In the name of choice, Alberta insisted on allowing for-profit daycares to benefit from the federal money flowing into the province. “We have been very, very adamant that we want to respect Albertans’ rights and let Albertans make the choices for their children, whether it’s non-profit or for-profit care,” said Minister of Children’s Services Heather Forsyth. That insistence forced federal Minister of Social Development at the time, Ken Dryden to negotiate separate deals with each province rather than one multilateral agreement. Those who support non-profit daycare fear the resulting agreement in principle between Alberta and the federal government set the stage for a repeat of what has occurred in Australia, where public funds are being siphoned o$ by commercial chains whose first priority, by law, is not children’s care, but investor profit. What’s needed, critics say, is a fundamental shift from viewing child care as a commodity to considering it a public good.

Australian mother and social policy analyst Lynne Wannan criss-crossed Canada this fall to caution against the path Alberta seems headed down: providing dollars for daycare without the checks and balances needed to guard against predatory practices by commercial chains. Australia took the commercial path in the name of competition and choice, she told an Edmonton audience, and ironically both have diminished as a result.

Australia began enticing commercial operators to enter the market in 1991 by allowing for-profits to accept parent fee subsidies previously usable only at not-for-profits, Wannan says. The government also discontinued the strategic planning that had been directing growth to high-need areas, and dropped operational support just as Alberta did in the late nineties.

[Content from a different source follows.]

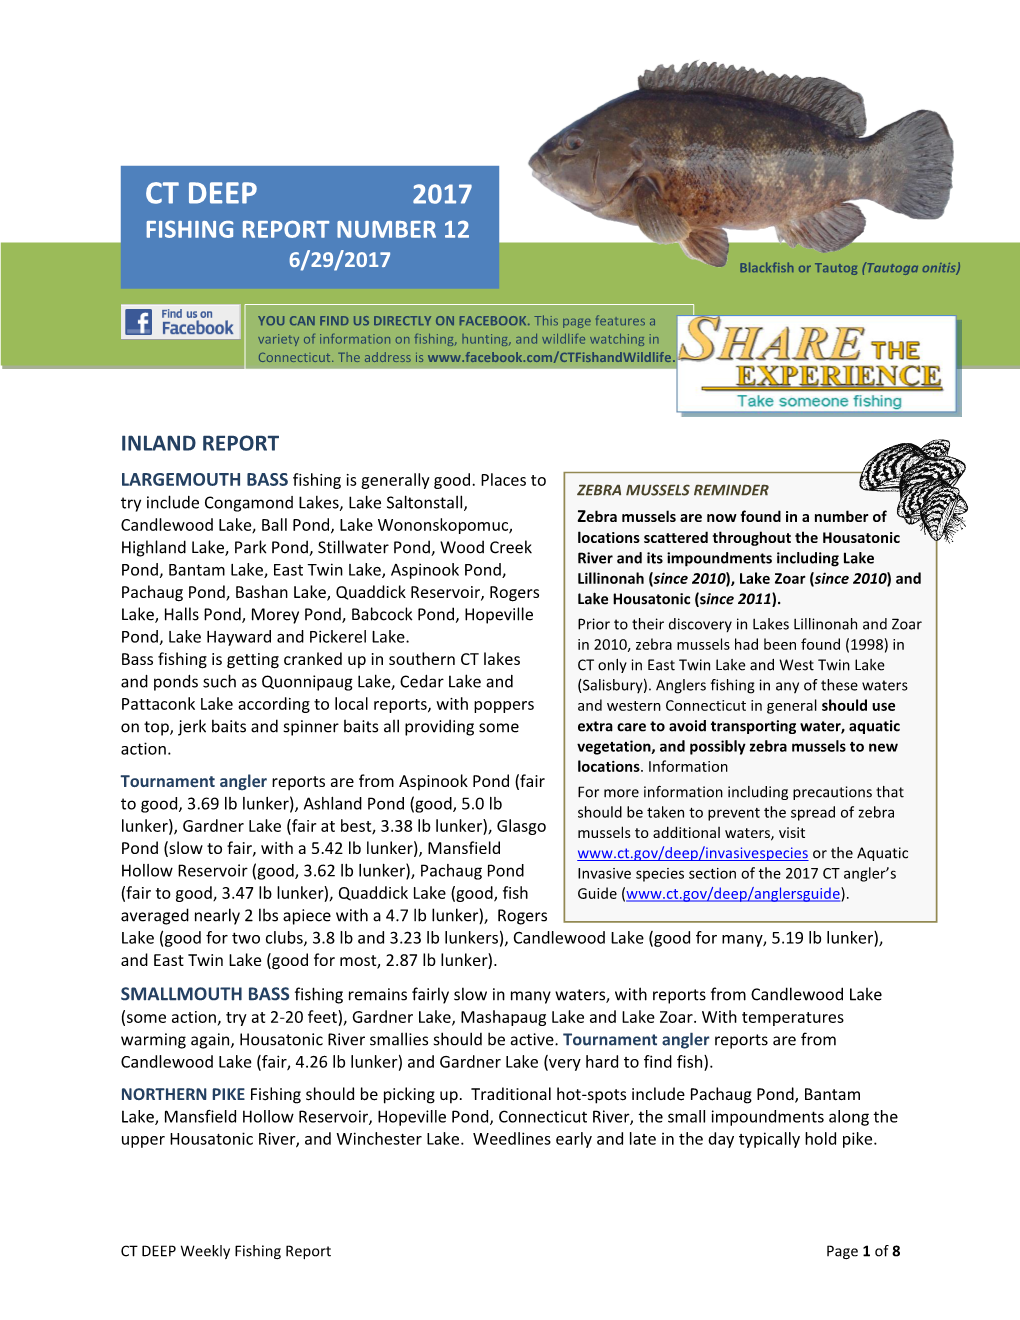 CT DEEP 2017 FISHING REPORT NUMBER 12 Channel Catfish (Ictalurus Punctatus) 6/29/2017 Blackfish Or Tautog (Tautoga Onitis)

Since then, for-profit centres in Australia have risen from 15 per cent of the total to 70 per cent, equal to Alberta’s status quo. Rather than filling gaps, for-profits typically choose promising neighbourhoods already served by other centres, undercut prices until competitors are strangled, then raise fees, Wannan says. Increasingly, publicly listed chains dominate the scene as investors realize that caring for children attracts federal dollars, which can help finance real estate development. Concentration of ownership has reached the point where Australia’s competition police are barring certain chains from opening any more child-care centres in certain communities.

ABC Learning Centres operates a fifth of Australia’s daycare spaces—700-plus facilities—after gobbling up its largest competitor and growing fast. The chain claimed a $68- million profit in its most recent financial year, with more than half its revenue coming from government subsidies. A raft of directors and administrators earn salaries as high as $400,000, yet caregivers take home minimal wages, creating a revolving door of employees in a profession known to do its best work when children, families and staff build stable relationships. Even so, ABC assures investors it is intent on reducing staffing costs.

This has led to sharp criticism from some parents and workers groups. ABC Learning has sued the Liquor Hospitality and Miscellaneous Workers Union in Queensland for defamation. Commercial centres, meanwhile, face charges of breached child/staff ratios, inadequate supervision, poor hygiene and substandard programming.

The issue is a hot topic in the Australian media, with frequent reports on commercial daycare centres cutting staff and cleaning services, axing programs and slashing food costs. At the same time, according to the Australian Bureau of Statistics, fees have risen almost five times faster than either the increase in government assistance or the consumer price index. In upscale neighbourhoods, parents are paying as much as $100 a day.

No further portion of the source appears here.